WORK REQUIRED —
Would you retype the listing below word for word, without any of its pictures?
BEGIN DATA SECTION
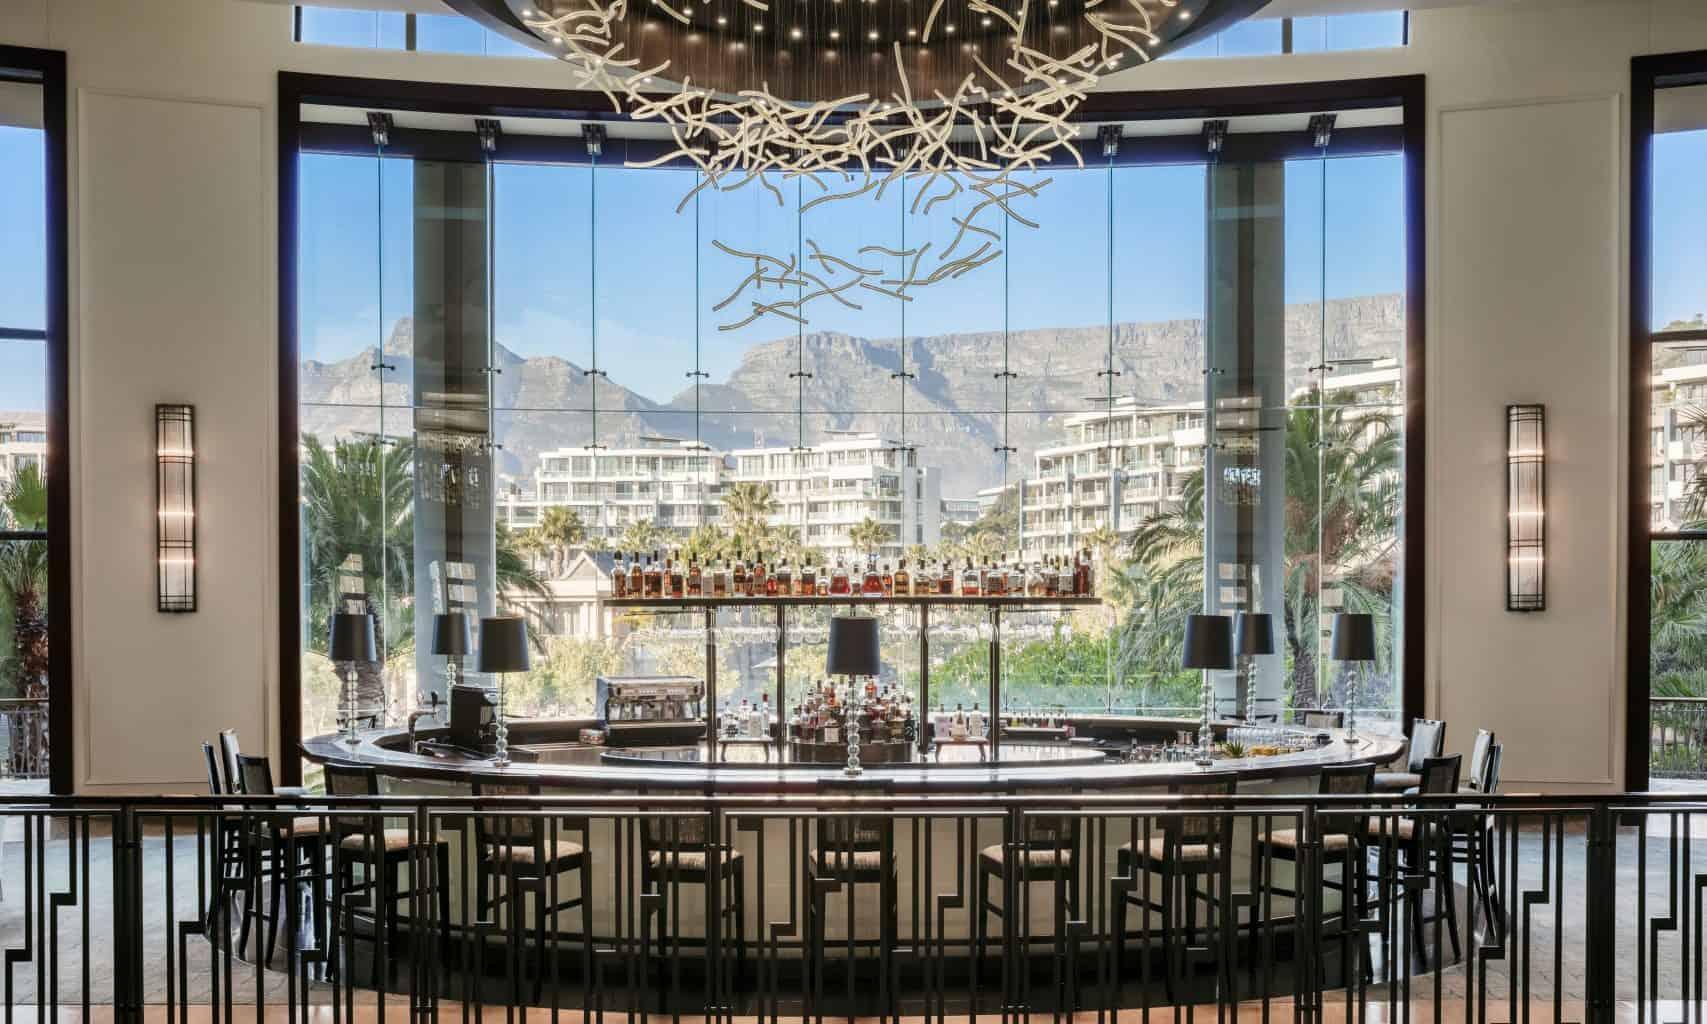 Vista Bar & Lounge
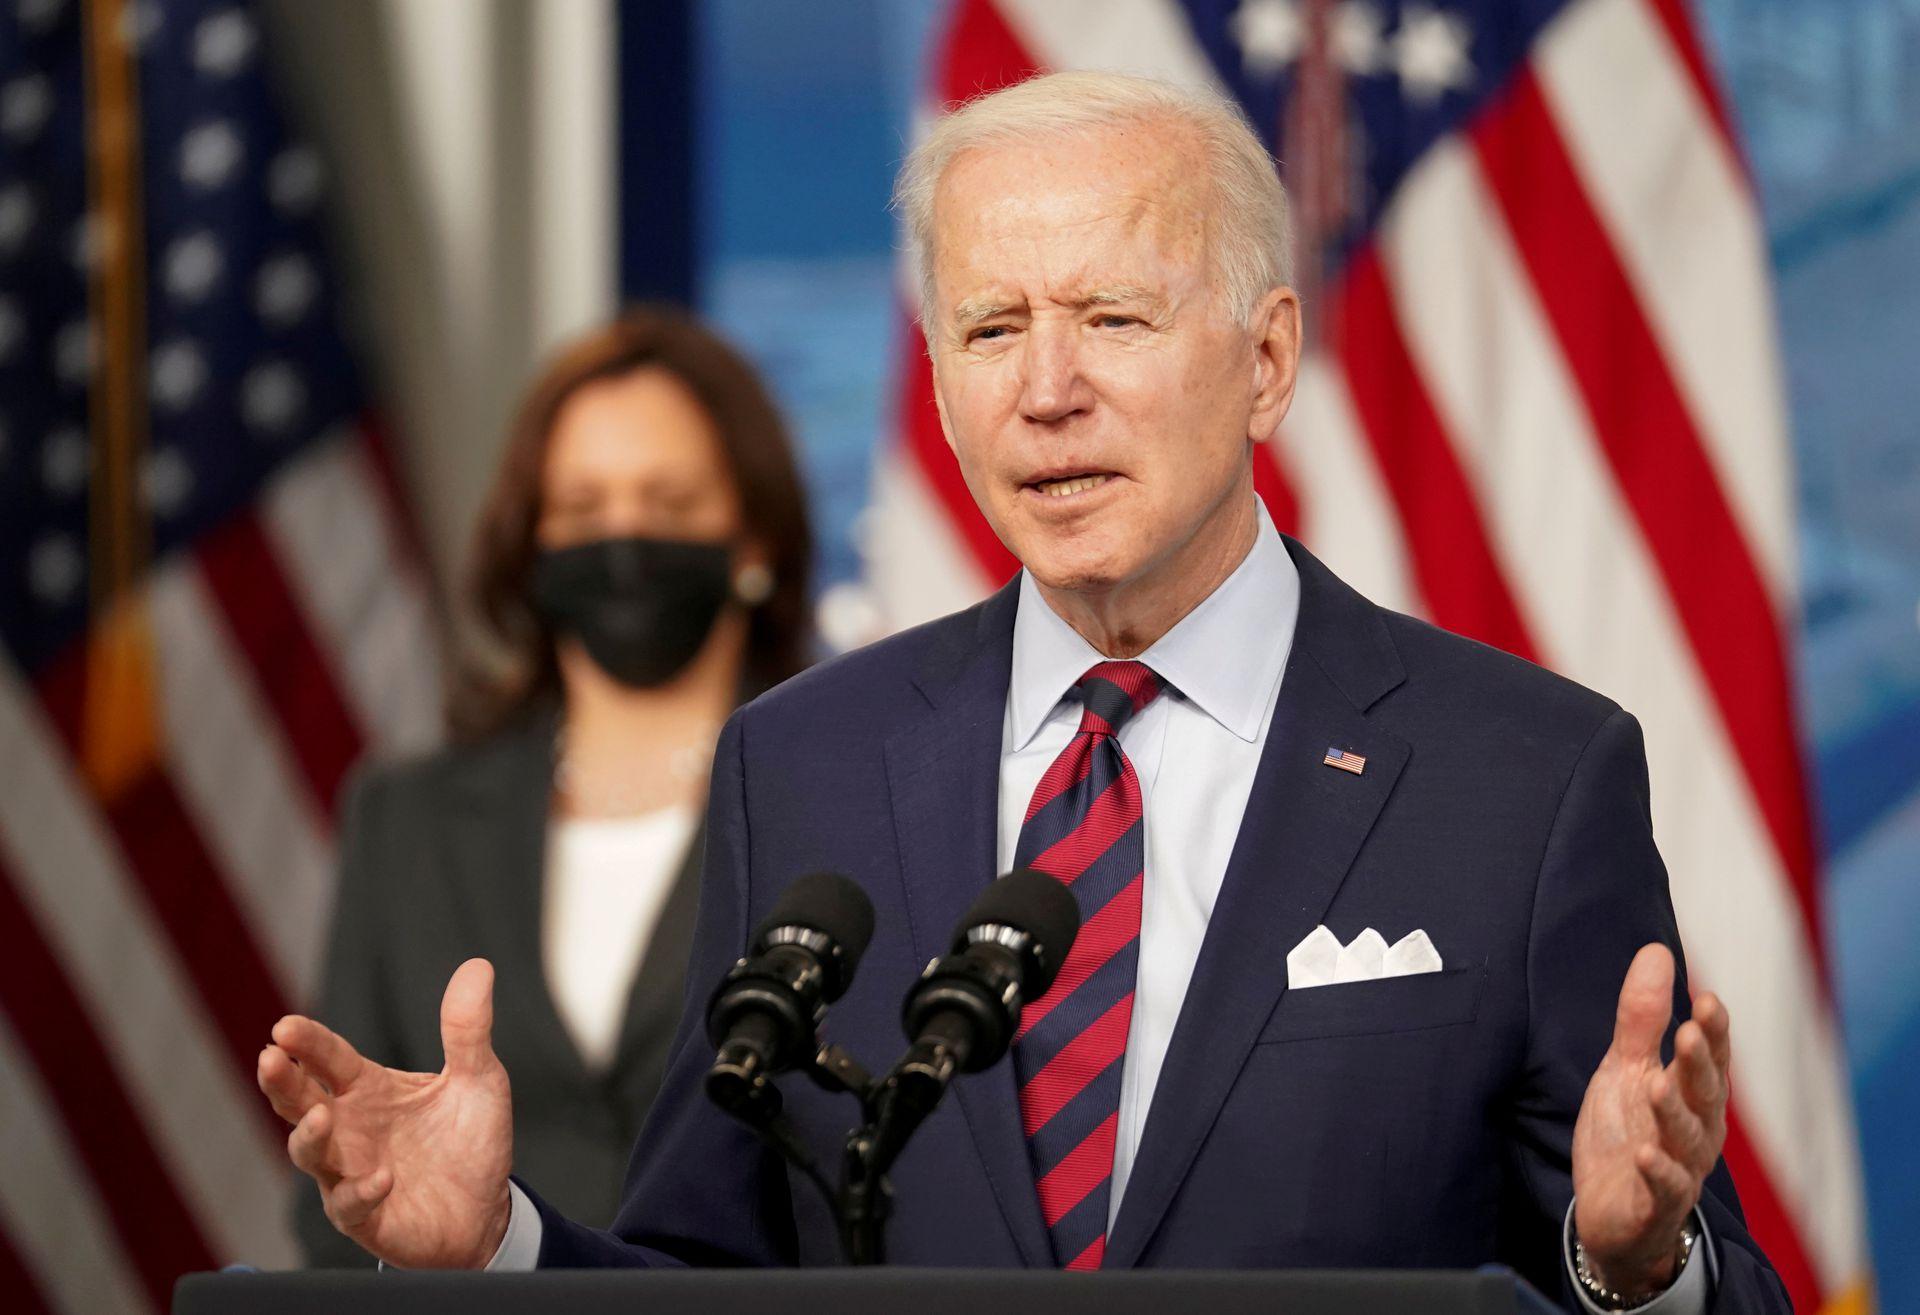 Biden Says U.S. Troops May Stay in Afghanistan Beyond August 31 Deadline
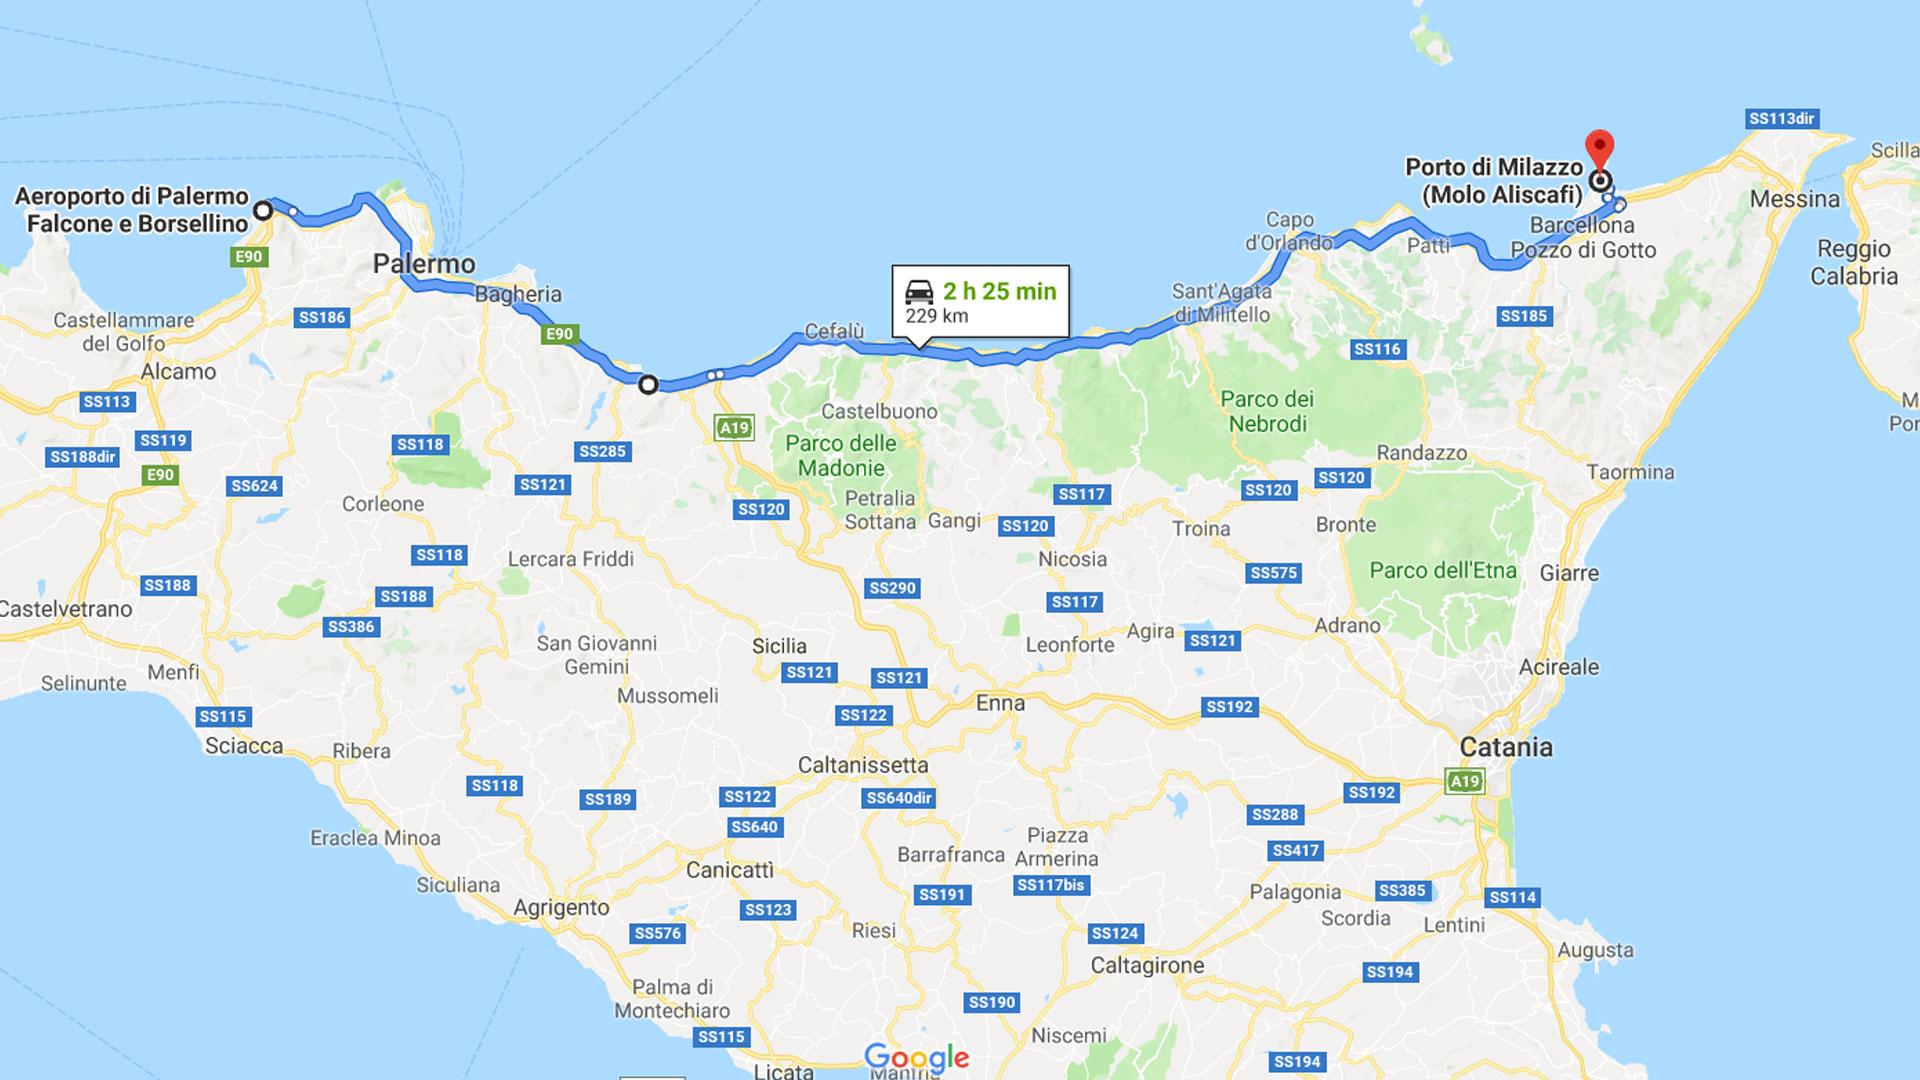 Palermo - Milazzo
END DATA SECTION
TASK OUTPUT —
 Vista Bar & Lounge
 Biden Says U.S. Troops May Stay in Afghanistan Beyond August 31 Deadline
 Palermo - Milazzo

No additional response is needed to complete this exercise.